Taken together, these results confirm that EA is a key concept in the clinical presentation as well as the treatment of BPD. Further research using the criteria to investigate mechanisms of change is needed to clarify the relationship between EA, symptom reduction and BPD.
Statement of Ethics
With respect to the original submitted project on the SwissEthics platform, the competent Ethics Committee, has approved the study (2017–02167). The study is registered (NCT0317818). In keeping with the established, and approved, Data Management Plan, only anonymous data will be kept in the file. All video raw data, where the patient may be identified will be stored separately from patient identifiers and from the main dataset. Written informed consent was obtained from participants to participate in the study.

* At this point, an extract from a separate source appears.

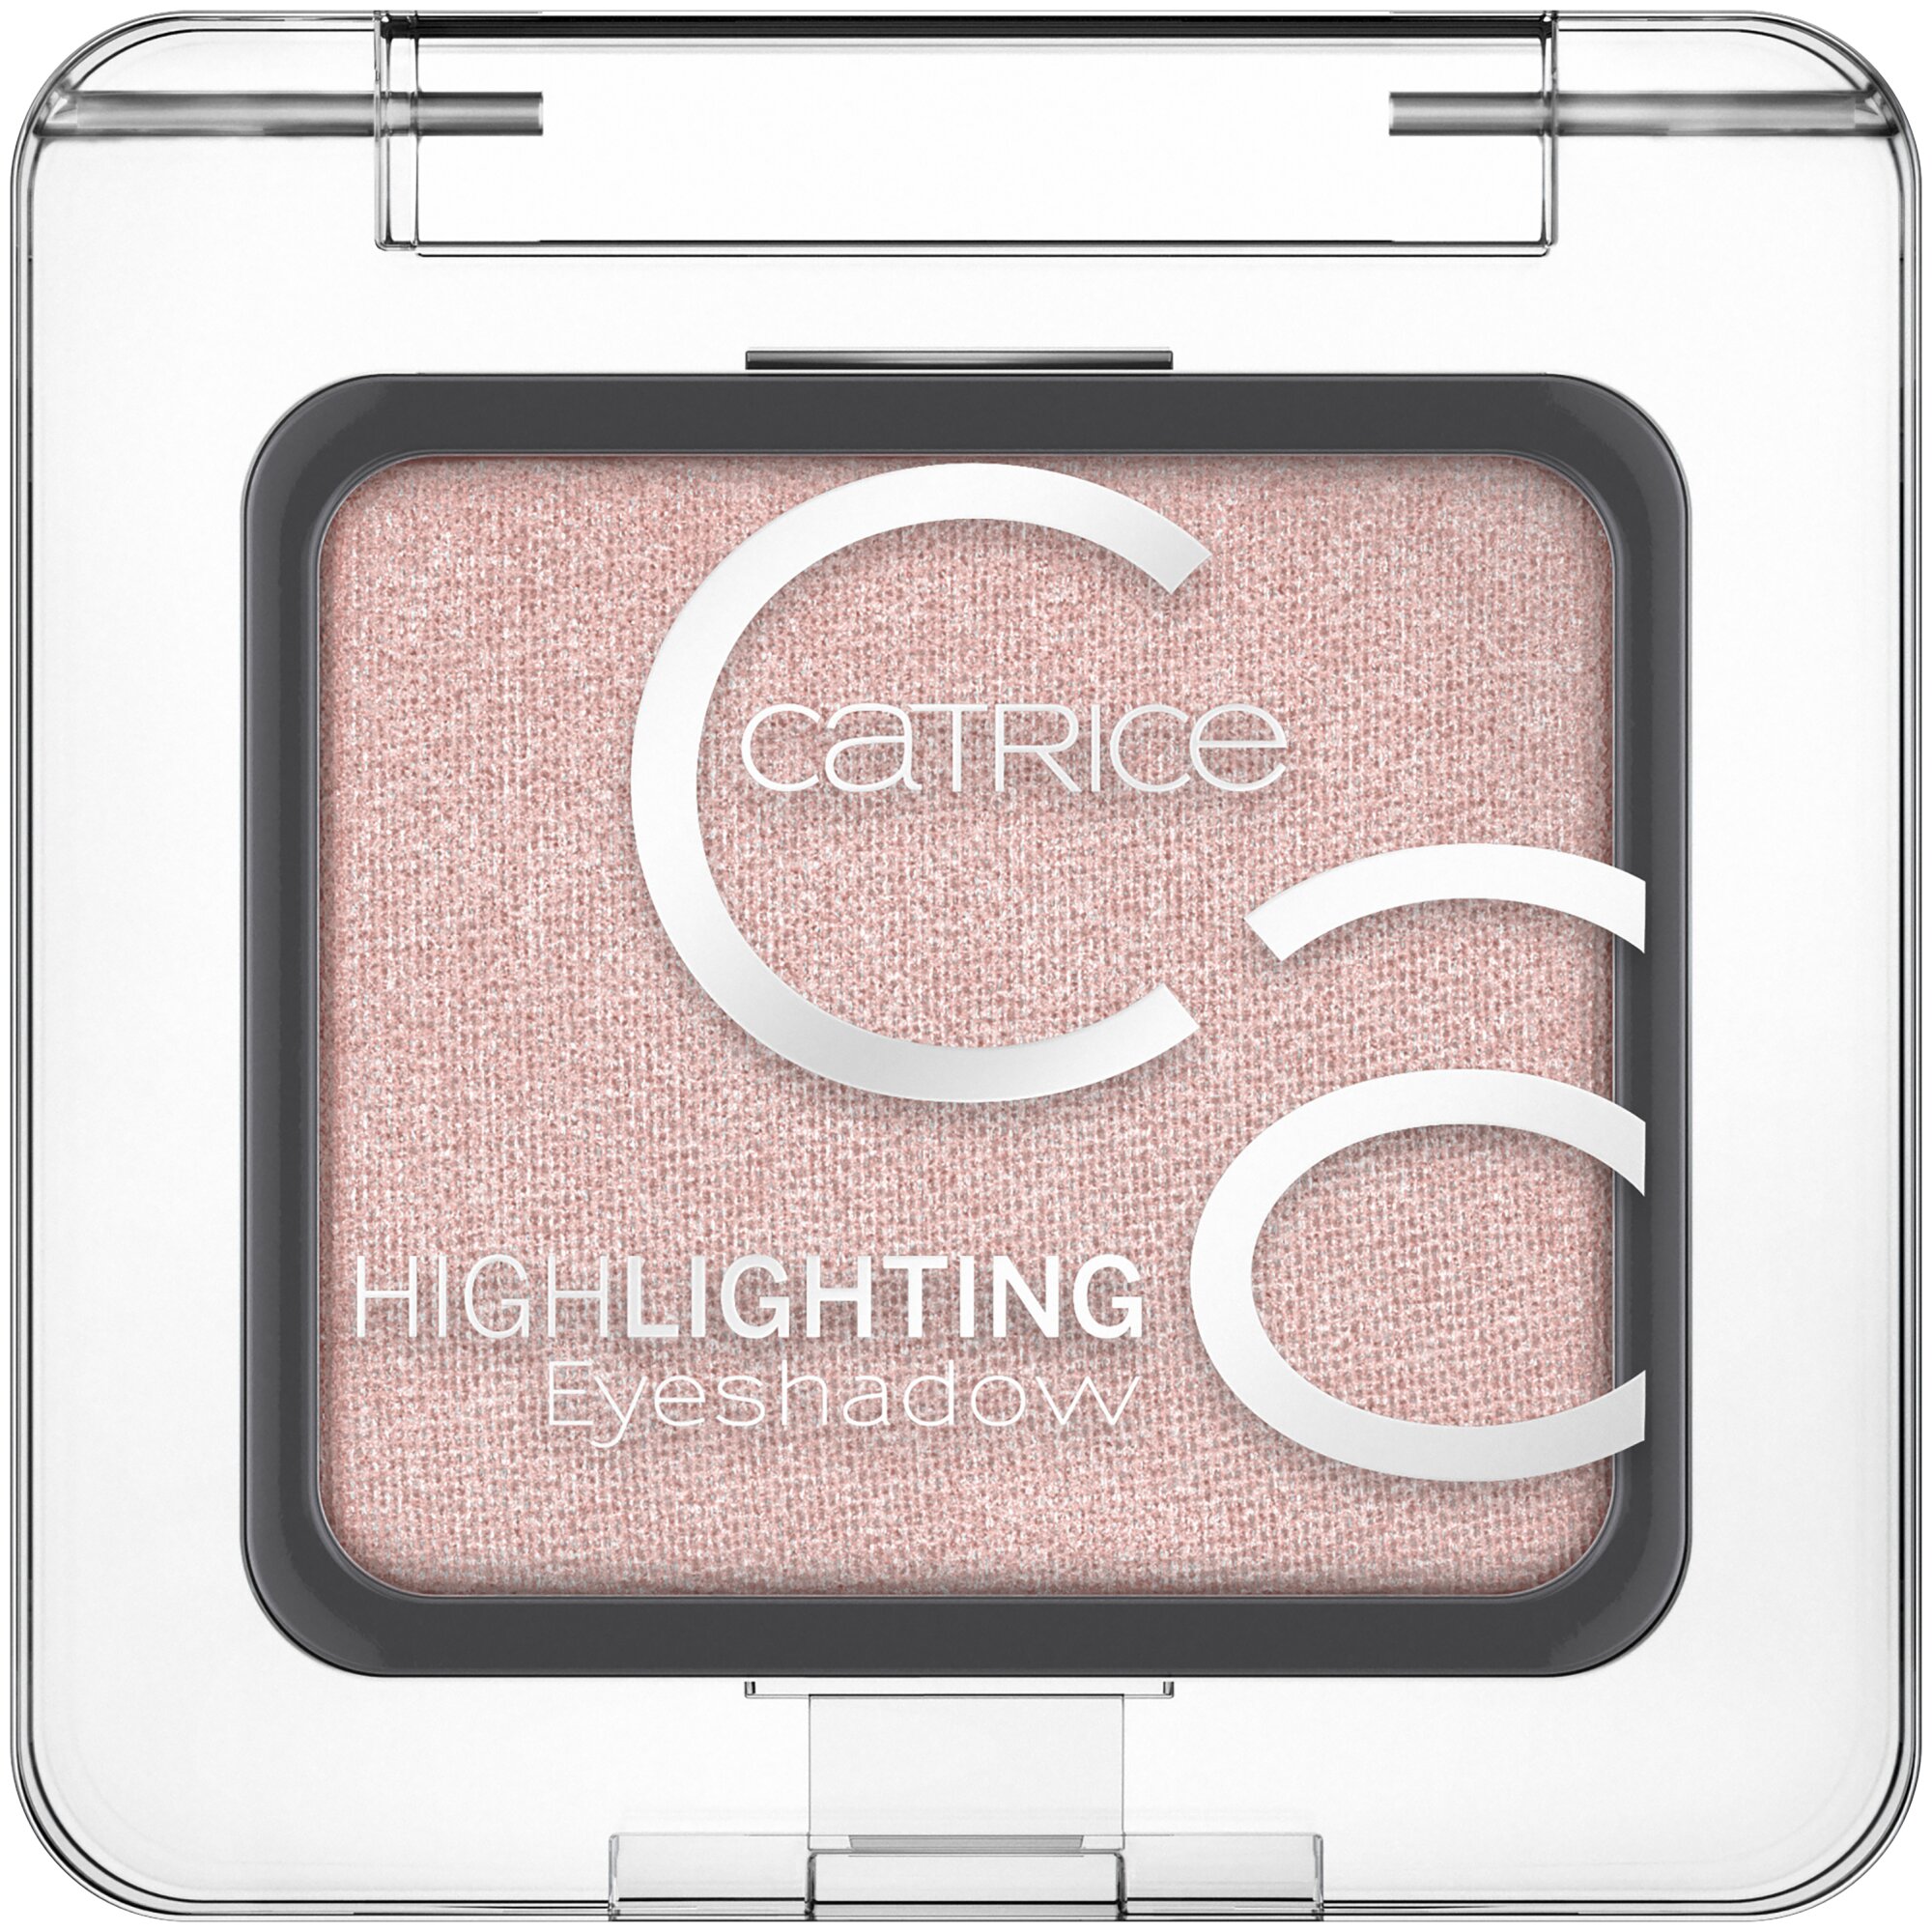 Fard de pleoape Highlighting, 030 - Metallic Lights, 2 g, Catrice
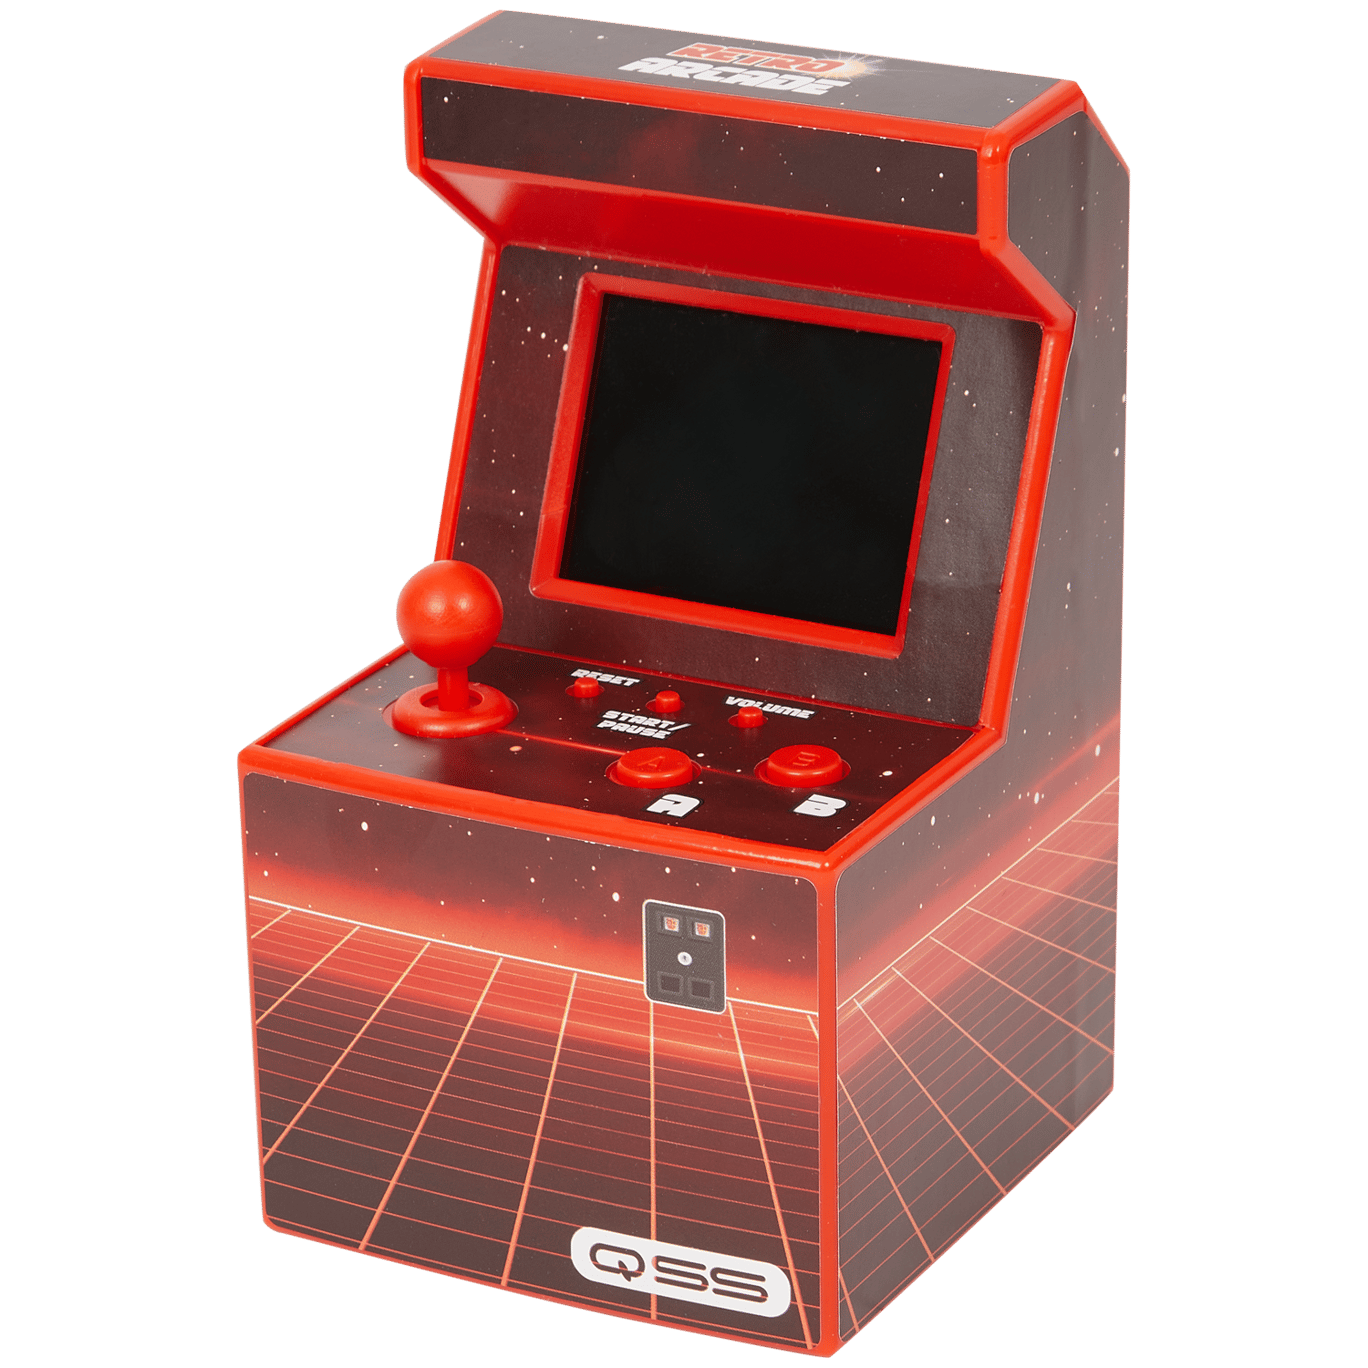 Mini-borne d’arcade rétro QSS

Conflict of Interest Statement
Ueli Kramer was guest editor of the Topical Article Collection “A Mechanistic Approach to Psychotherapy” at the time of submission. The authors have no further conflicts of interest to declare.
Funding Sources
This trial is supported by the Swiss National Science Foundation (SNSF100014_179457/1, to Pr. Kramer). The study was designed independently from the funding source, and the data collection, analysis and interpretation are not influenced by the funding source, in keeping with the regulations of SNSF.
Author Contributions
L.G.: major contribution to design, data acquisition, coding, analysis and interpretation, as well as writing and revising article; T.R.: major contribution to data analysis and presentation; A.G., F.L., L.A., and J.B.M.: major contribution to data acquisition and coding, I.C.: significant contribution to data analysis, coding, and revision; H.B.: major contribution to data acquisition; S.K.: contribution to revising article; and U.K.: major contribution to revising article and significant contribution to interpretation.
Data Availability Statement
Data are readily available upon request to the first author (L.G.).